# ACTION ITEM
Return the lines of the material below exactly, beginning with the line that has "pictures of nike backpacks" in it and finishing with the line that has "Business mortgage concept, businesswoman" in it. Leave all pictures aside.

# SUPPLIED RECORDS
■ ■ ■

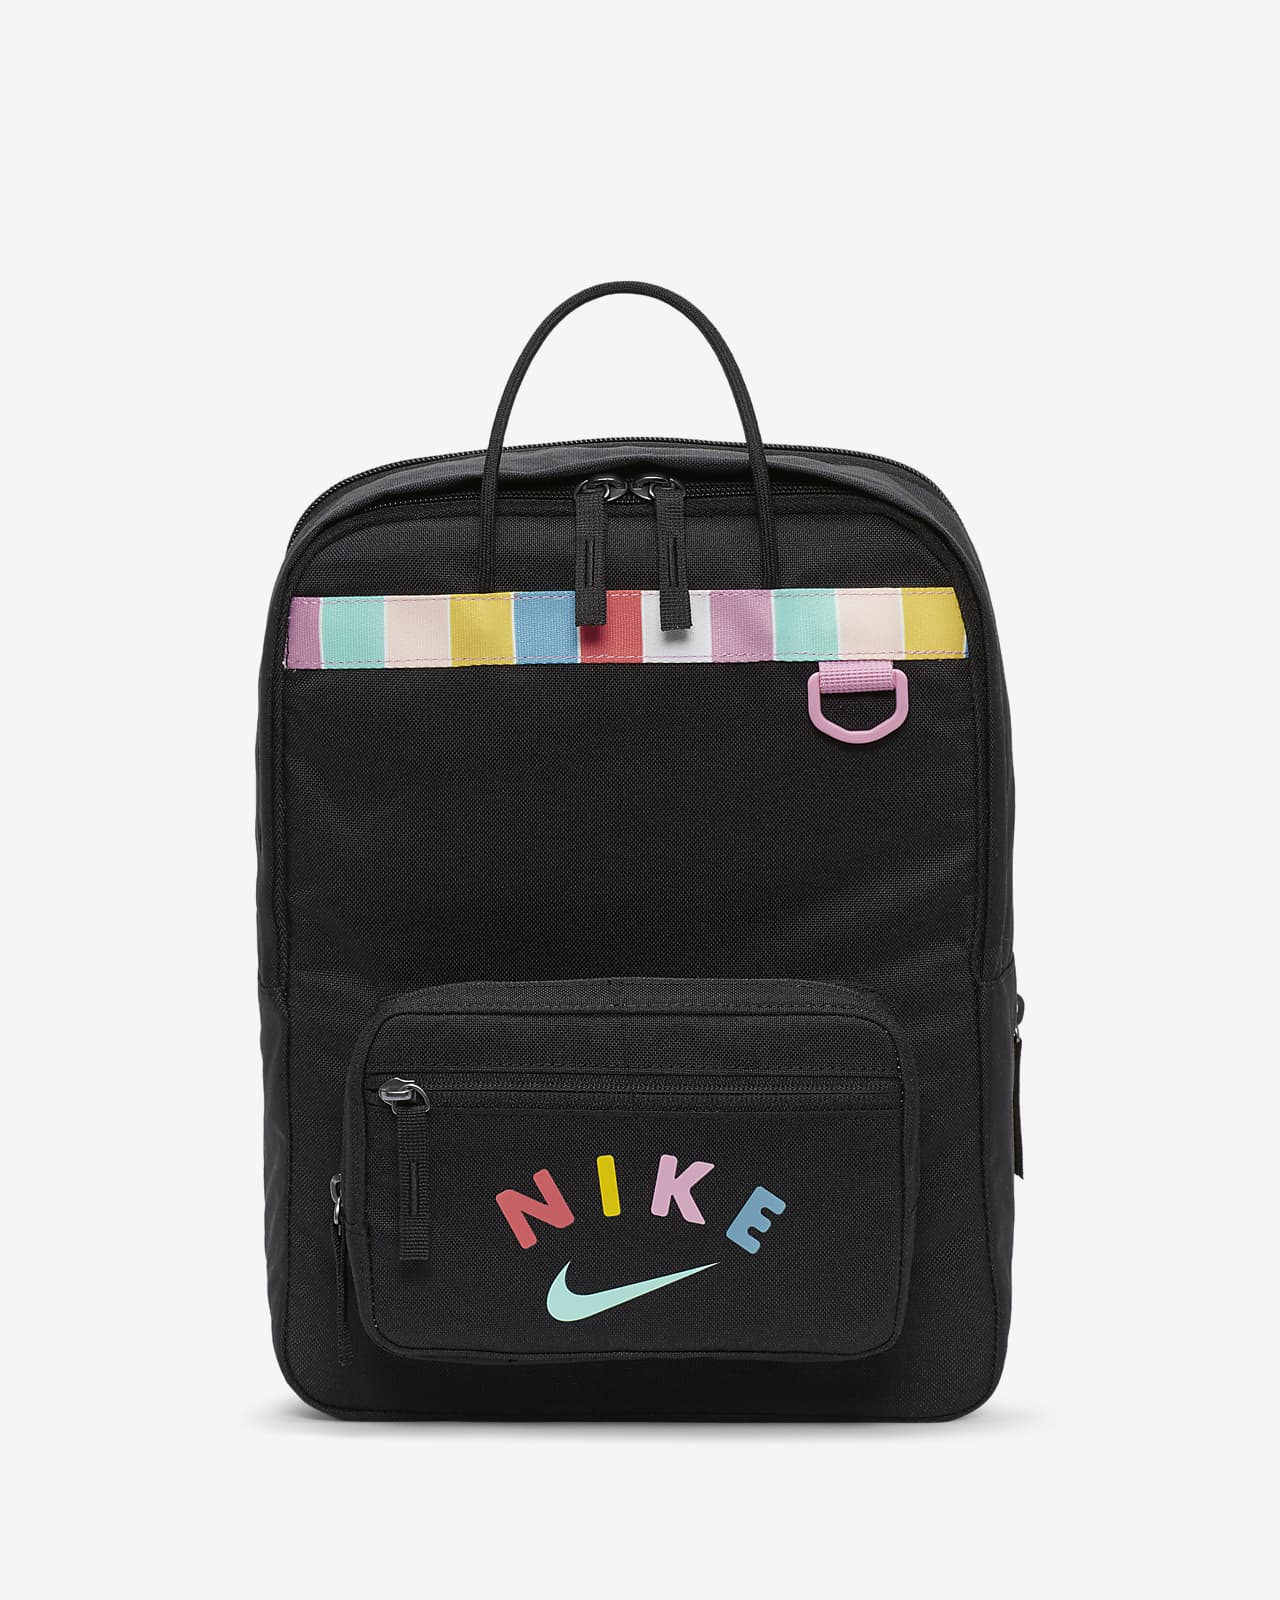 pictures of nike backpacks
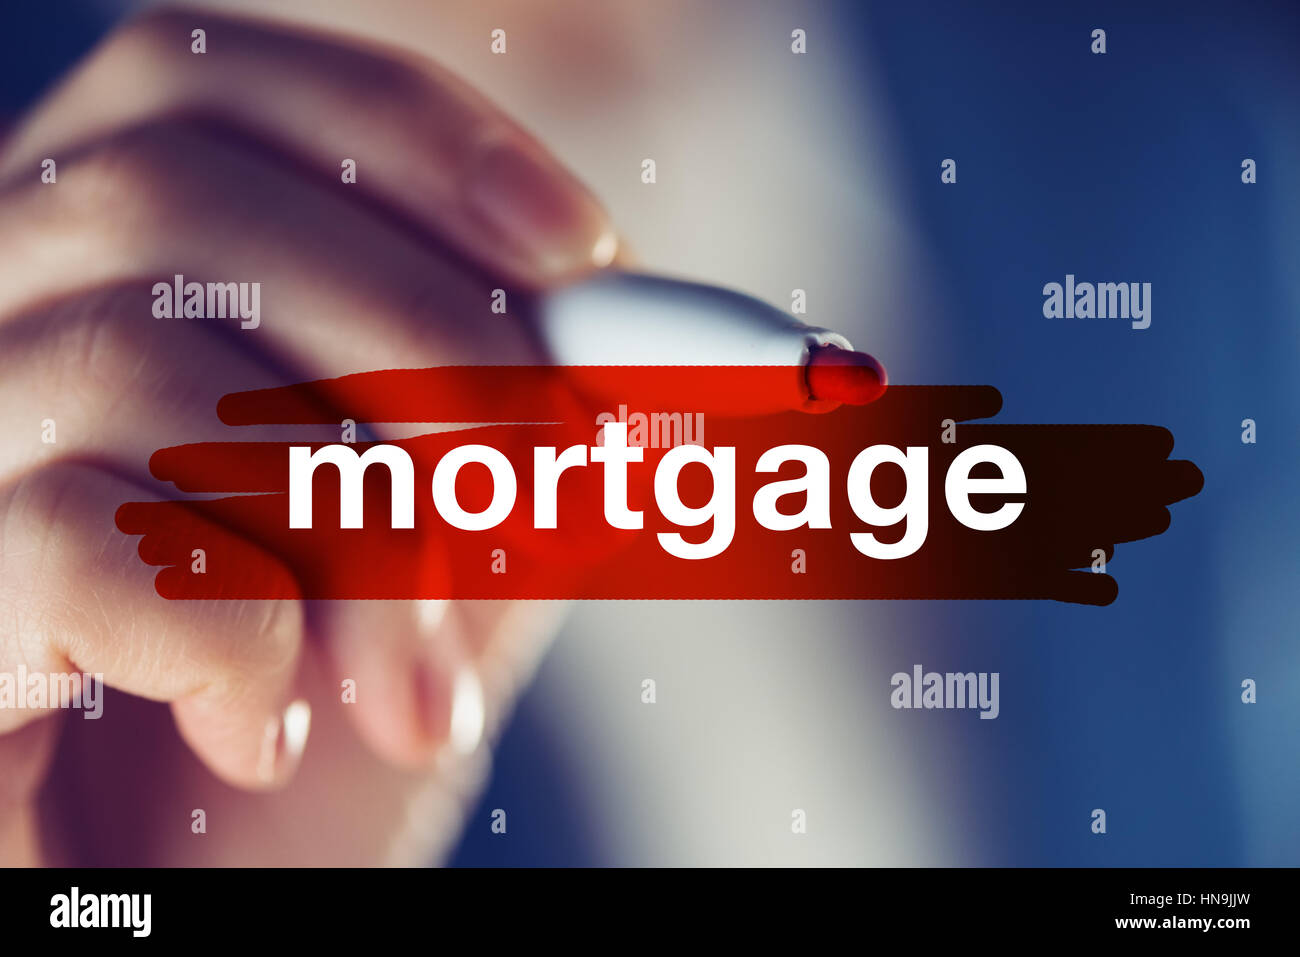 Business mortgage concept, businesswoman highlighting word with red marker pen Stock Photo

■ ■ ■

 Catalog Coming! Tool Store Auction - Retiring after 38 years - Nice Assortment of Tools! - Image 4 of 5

■ ■ ■

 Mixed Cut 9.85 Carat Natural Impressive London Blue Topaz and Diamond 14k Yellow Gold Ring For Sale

■ ■ ■

# RESPONSE BELOW
 pictures of nike backpacks
 Business mortgage concept, businesswoman highlighting word with red marker pen Stock Photo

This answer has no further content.